A fundamental step in the design cycle of a Pattern Recognition system is data collection and labeling. As Duda, Hart, and Stork pointed out in their Pattern Classification Book, "data collection can account for surprisingly large part of the cost of developing a pattern recognition system". We were given a collection of 30 labeled data points that were reduced to 21 once we took a first look at the data an discarded the bad samples. A good data set for training and testing a Pattern Recognition system has to be both sufficiently large and representative of the different classes in consideration, and our data set was neither large or representative. The data was initially collected inside the Media Laboratory, thus constraining the variety of devices to those found in the Lab. Most of the common home appliances were not well represented. The initial data set helped us understand the nature of the problem, and gave us hints about new possible categories to relabel the data. With a laptop and a Plug, we devised a portable Plug system, and measured another 65 devices from different locations. The resulting data set, after discarding the bad data consisted of 74 data points.

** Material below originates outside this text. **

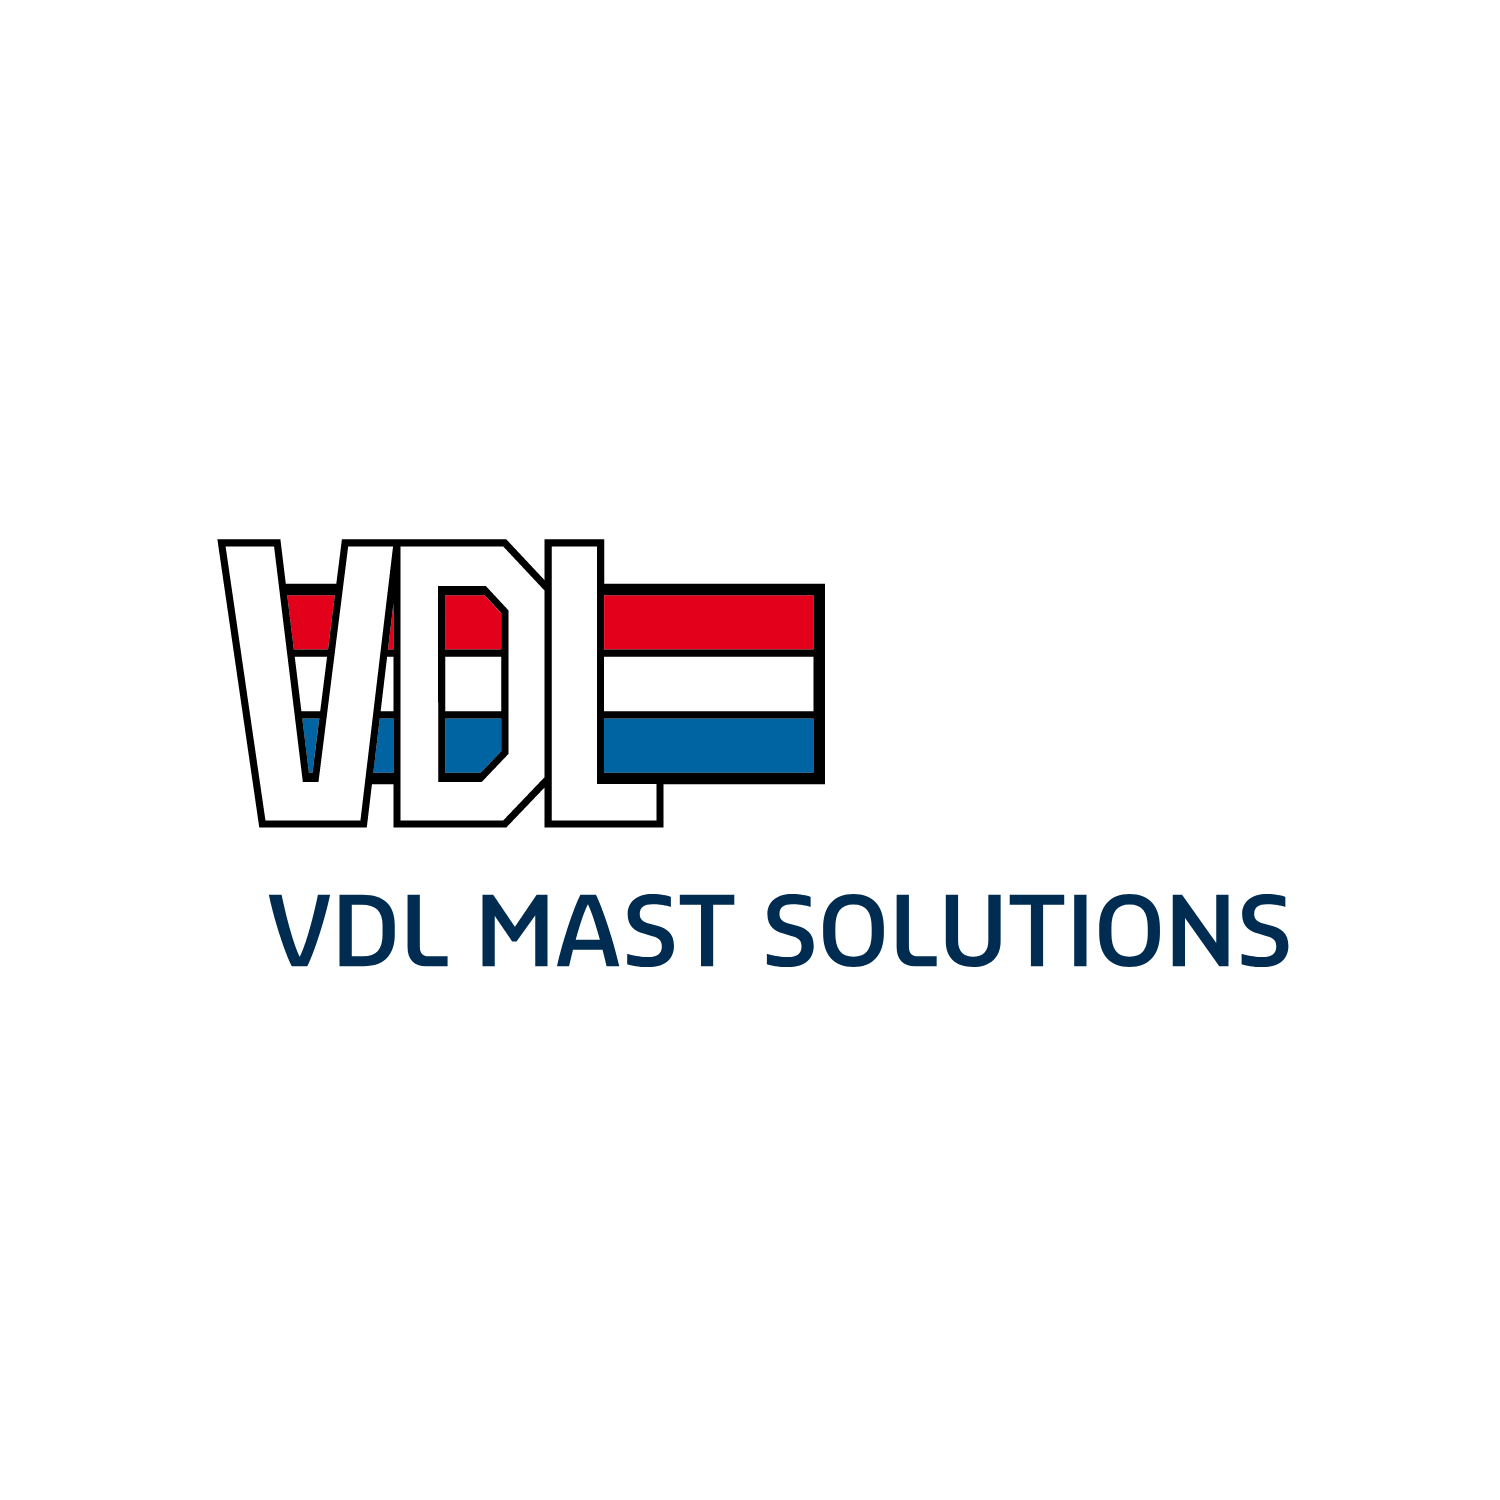 VDL Mast Solutions

The measured devices include: christmas lights, lightboxes, fans, hairdryers, powerdrills, blenders, lamps, monitors, and computers. Just by looking at them, it can make sense to distinguish them as: things that produce motion, things that produce light, electronics, or combinations of those three. This simple common sense observation turned out to be a very useful point of reference to start making sense out of the tangle of waves that was the raw data.

The following images represent a subset of 16 devices and their corresponding voltage-current waveforms. A careful look at them suggests the possibility to find correlations between the common sense function, the internal structure in terms of electrical engineering (inductive, resistive, switch mode power supply), and the shape characteristic of the voltage-current waveforms of a device.